Convert GRanges to Single Range

Usage

.fillReduce(gr, validate = TRUE)

Arguments

gr

a GRanges with ranges to be merged.

validate

logical determining whether entries should be checked for compatible seqnames and strands.

Details

The validation assumes seqnames and strand are Rle objects.

Value

GRanges with single interval


Efficient Metadata Columns Mutation

Description

Efficient Metadata Columns Mutation

Usage

## S4 method for signature 'CompressedGRangesList'
.mutateEach(grl, ...)

Arguments

grl

a CompressedGRangesList

...

named list of vectors to insert as metadata columns on each element GRanges. Each vector length must match the length of the GRangesList.

Value

a CompressedGRangesList with all element GRanges updated with supplied metadata columns


Propagate Transcript Merge Map

Description

Propagate Transcript Merge Map

Usage

.propagateMap(df, MAXITERS = 1000)

Arguments

df

a data.frame with columns tx_in and tx_out

MAXITERS

a numeric controlling the maximum number of iterations

Value

a converged data.frame, such that, tx_out is not present in any tx_in


Export Transcriptome as FASTA

Description

Export Transcriptome as FASTA

Usage

exportFASTA(txdb, genome, file, ...)

Arguments

txdb

a TxDb object representing a transcriptome annotation

genome

a BSgenome object from which to extract sequences

file

a string for output FASTA file. File names ending in ".gz" will automatically use gzip compression.

...

additional arguments to pass through to writeXStringSet

Value

The txdb argument is invisibly returned.

Examples

library(TxDb.Scerevisiae.UCSC.sacCer3.sgdGene)
library(BSgenome.Scerevisiae.UCSC.sacCer3)

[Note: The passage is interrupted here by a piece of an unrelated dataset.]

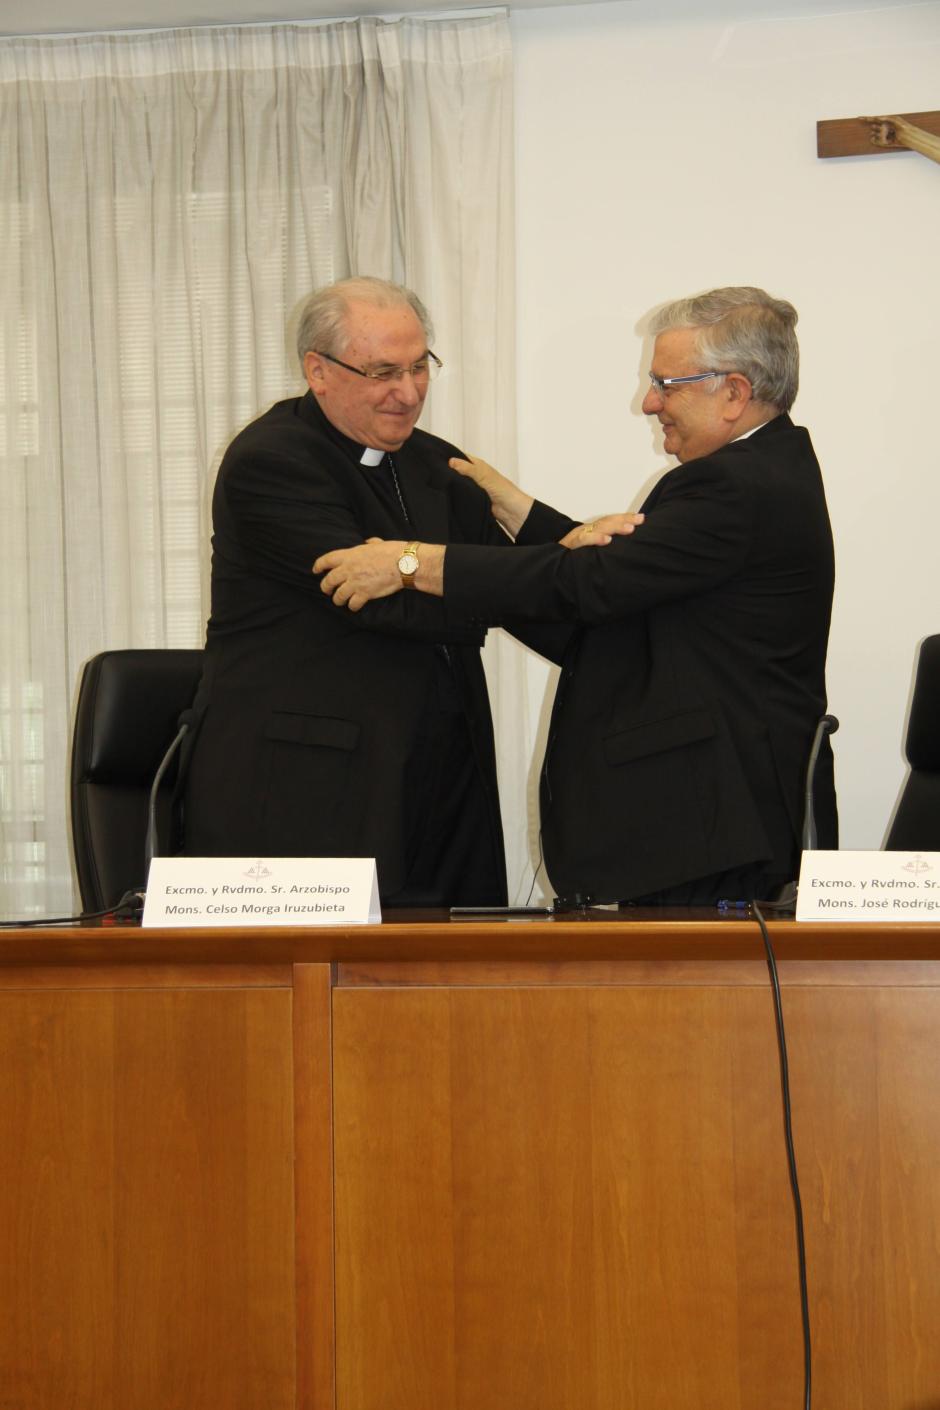 El abrazo entre el arzobispo emérito de Mérida-Badajoz, Celso Morga (i), y el nuevo arzobispo, José Rodríguez (d)

## load annotation and genome
txdb <- TxDb.Scerevisiae.UCSC.sacCer3.sgdGene
sacCer3 <- BSgenome.Scerevisiae.UCSC.sacCer3

## restrict to 'chrI' transcripts (makes for briefer example runtime)
seqlevels(txdb) <- c("chrI")

## last 500 nts per tx
txdb_w500 <- truncateTxome(txdb)

## export uncompressed
outfile <- tempfile("sacCer3.sgdGene.w500", fileext=".fa")
exportFASTA(txdb_w500, sacCer3, outfile)

## export compressed
outfile <- tempfile("sacCer3.sgdGene.w500", fileext=".fa.gz")
exportFASTA(txdb_w500, sacCer3, outfile)

Export GTF

Description

Exports a TxDb annotation to a GTF file

Usage

exportGTF(txdb, file, source = "txcutr")

Arguments

txdb

transcriptome to be output

file

a string or connection to output GTF file. Automatically recognizes strings ending with ".gz" for zipped output.

source

a string to go in the source column

Value

The txdb argument is invisibly returned.

Examples

library(TxDb.Scerevisiae.UCSC.sacCer3.sgdGene)

## load annotation
txdb <- TxDb.Scerevisiae.UCSC.sacCer3.sgdGene

## restrict to 'chrI' transcripts
seqlevels(txdb) <- c("chrI")

## last 500 nts per tx
txdb_w500 <- truncateTxome(txdb)

## export uncompressed
outfile <- tempfile("sacCer3.sgdGene.w500", fileext=".gtf")
exportGTF(txdb_w500, outfile)

## export compressed
outfile <- tempfile("sacCer3.sgdGene.w500", fileext=".gtf.gz")
exportGTF(txdb_w500, outfile)

Export Merge Table for Transcriptome

Description

Export Merge Table for Transcriptome

Usage

exportMergeTable(txdb, file, minDistance = 200L)

Arguments

txdb

a TxDb object representing a transcriptome annotation

file

a string or connection to output TSV file. Automatically recognizes strings ending with ".gz" for zipped output.

minDistance

the minimum separation to regard overlapping transcripts as unique.

Value

The txdb argument is invisibly returned.

Examples

library(TxDb.Scerevisiae.UCSC.sacCer3.sgdGene)

## load annotation
txdb <- TxDb.Scerevisiae.UCSC.sacCer3.sgdGene

## restrict to 'chrI' transcripts (makes for briefer example runtime)
seqlevels(txdb) <- c("chrI")

## last 500 nts per tx
txdb_w500 <- truncateTxome(txdb)

## export plain format
outfile <- tempfile("sacCer3.sgdGene.w500", fileext=".tsv")
exportMergeTable(txdb_w500, outfile)

## export compressed format
outfile <- tempfile("sacCer3.sgdGene.w500", fileext=".tsv.gz")
exportMergeTable(txdb_w500, outfile)

Generate Merge Table

Description

Generate Merge Table

Usage

generateMergeTable(txdb, minDistance = 200)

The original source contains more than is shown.